Practices vs. Frameworks

Principles get reified into practices

Practices get often interpreted and formalized into frameworks

Framework are actionable, but formalization may introduce assumptions about projects and teams that do not hold always!

Agile principles and practices get often captured into these well-known frameworks, with slightly different focuses and goals:

  • Scrum: focus on team structure, roles, responsibilities, procedures
  • Kanban: focus on tasks, streamlining, bottleneck mitigation
  • XP (Extreme Programming): focus on release frequency
  • Feature Driven Development: focus on clients’ requests and satisfaction
  • Crystal: focus on self-management of teams
  • DSDM (Dynamic Systems Development Method): focus on time and budget constraints

Scrum

Seminal paper from 1986 by Hirotaka Takeuchi and Ikujiro Nonaka:

Then refined to the current framework. The name is from Rugby’s “scrummage”

Scrummage

Scrum key ideas

  • Requirements are volatile
  • There will be unpredictability along the road
  • Accept that the problem may not be fully understood upfront, and focus on quick response to unexpected changes

Scrum workflow

  • The development is divided in Sprints
  • A Sprint is timeboxed: the length is agreed in advance
    • The most commonly adopted length is two weeks
  • A Sprint must end with a deliverable advancement
  • Each sprint is macro-structured as follows:
    1. Planning: define the activities of the sprint
    2. Daily scrums (aka “stand-up meetings”): daily updates on the state of work
    3. Sprint review: at the of the sprint, present the work to the stakeholders
  • At regular intervals a Sprint retrospective is held
    • Reason on the past sprints with the goal of continuous improvement

Scrum roles

  • Product owner (PO), Goal: maximimizing ROI

    • Tasks: identify the necessary features and prioritize them
    • Vision: strategic, similar to a product manager, but understands the product development!
    • Interactions: customers, development team, SM
    • Responsibilities: coarse-grained, high-level decision on product directions
  • Development team, Goal: make things happen

    • Tasks: build the selected features, provide time estimates, provide feedback to the PO
    • Vision: tactic, cross-functional (T-shaped, the team can deal with all the aspects of a sub-project)
    • Interactions: PO and SM
    • Responsibilities: fine-grained, autonomous and hence accountable
  • Scrum master (SM), Goal: coaching and supervision

    • Tasks: explain Scrum, supervise its application, help learning the methodology
    • Vision: process-oriented, expert in Scrum
    • Interactions: PO and development team
    • Responsibilities: help the team understand and apply Scrum, no formal responsibility on the product.

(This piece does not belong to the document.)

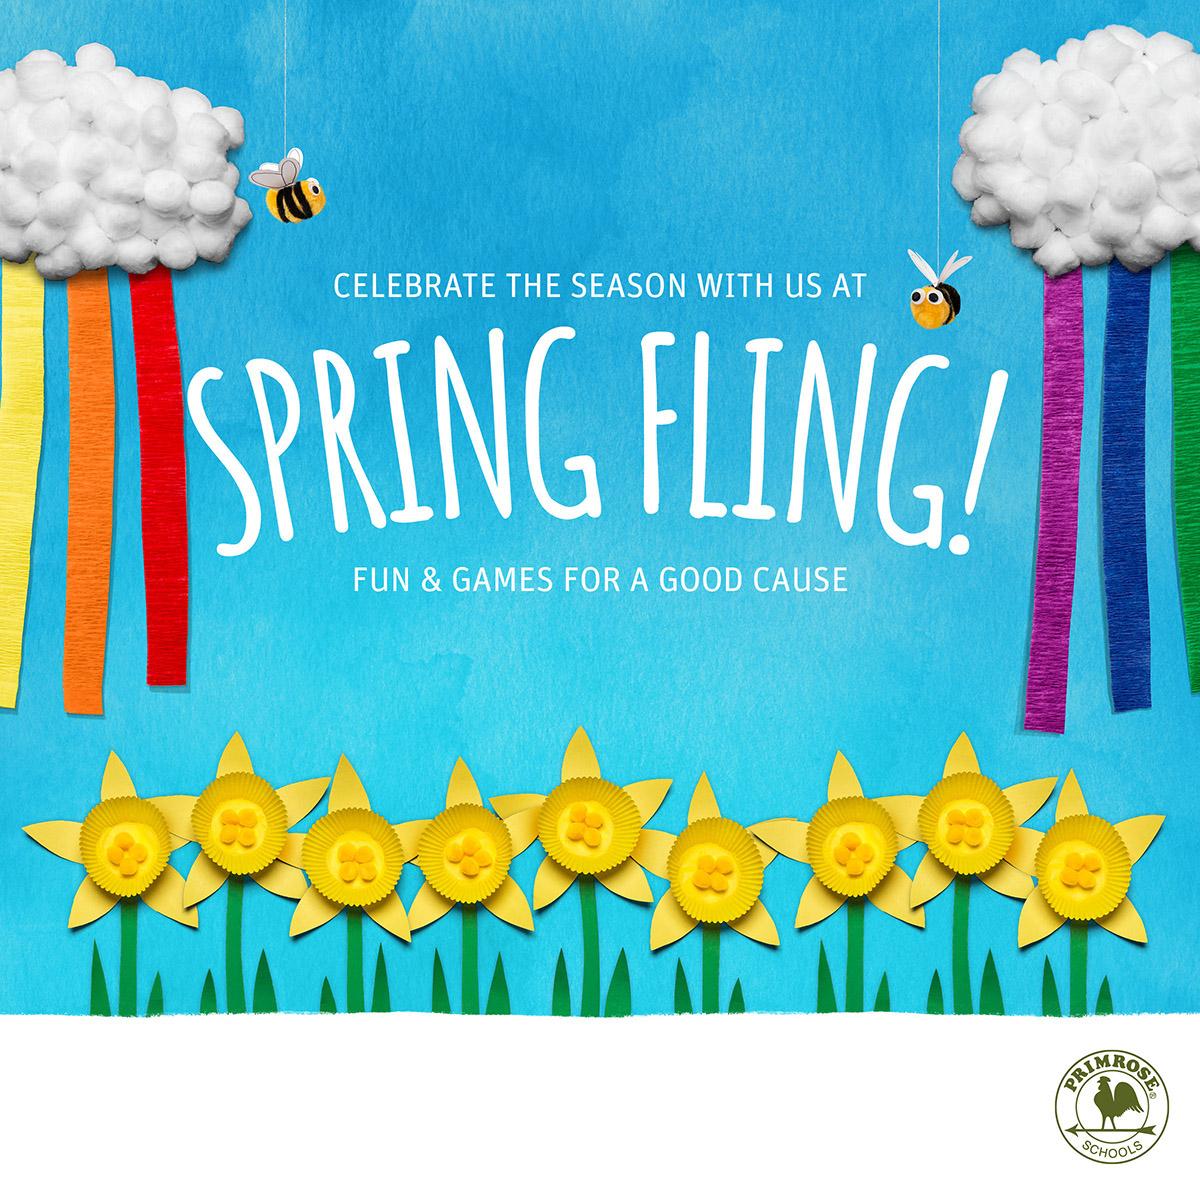 Spring Fling is April 27th

Optional (if the team is already experienced), often externalized.

Scrum tools

  • Product backlog
    • A prioritized list of customer-driven features
    • Maintained and sorted by the PO
    • Each item has an associated size estimation (in arbitrary measure)
    • Refined at the conclusion of each sprint
  • Sprint backlog
    • Refines the product backlog
    • Each product backlog item selected for the current sprint gets split into sprint tasks
    • Each task has an effort estimation, an assignee, and a progress tracker
    • The progress is often tracked by updating the “remaining effort” day by day

Product backlog

product backlog

Sprint backlog

sprint backlog

burn down chart

Key concept: the definition of done

Apparently simple concept that is central for Scrum to work

(and for many other workflows)

Every actor in the process must agree and what is the meaning of a task being considered done

  • Is it done when the acceptance tests work?
  • Is it done when the assignee marks it as so?
  • Is it done when it is delivered to the main application?
  • Is it done when it has been in production for at least one week without bug reports?

Process overview

scrum process

Workflow overview

scrum process

Pull mode: Kanban

  • Timeboxing in SCRUM resembles a push mechanism
    • Work is allocated to the team to be performed within a timebox
  • Some activities may benefit of a pull mechanism
    • Resources are allocated on a per-need basis
    • The two modes can (should) cohexist in a sane agile workflow

Based on the concept of a board (Kanban is Japanese for “board”) divided in columns where cards can be moved, specifically:

  • Columns represent the different stages of the workflow
  • Cards represent the tasks to be performed
  • Cards’ color and/or shape can be used to classify them (e.g., priority, type of work, reference project, etc.)
  • The cards are moved from column to column as they progress, in real time
  • The board can be virtual or physical
    • Personally, I prefer physical boards, but it’s a matter of taste

Simple Kanban board

kanban board

Kanban board for an articulated workflow

kanban board

Scrum + Kanban = Scrumban

scrumban

(Scrumban actually exists)

Base ideas:

  • Scrum for the planning and sprint management
  • Kanban for the continuous flow of work

The problem with Scrum

Scrum and agile are often used as synonyms, but they are not

In the literature, Scrum and agile show mixed evidence of efficacy

(even though, anecdotically, many success stories can be found)

WARNING: opinions!

  • From now on, facts are mixed with opinions of practitioners (included myself)
  • There will be citations. Please note: many authors of these quotes, although regarded professionals, often use agile and Scrum interchangeably
  • We are going to ask ourselves to what doesn’t work, when, and why
  • Let’s see if we can find some general guidance…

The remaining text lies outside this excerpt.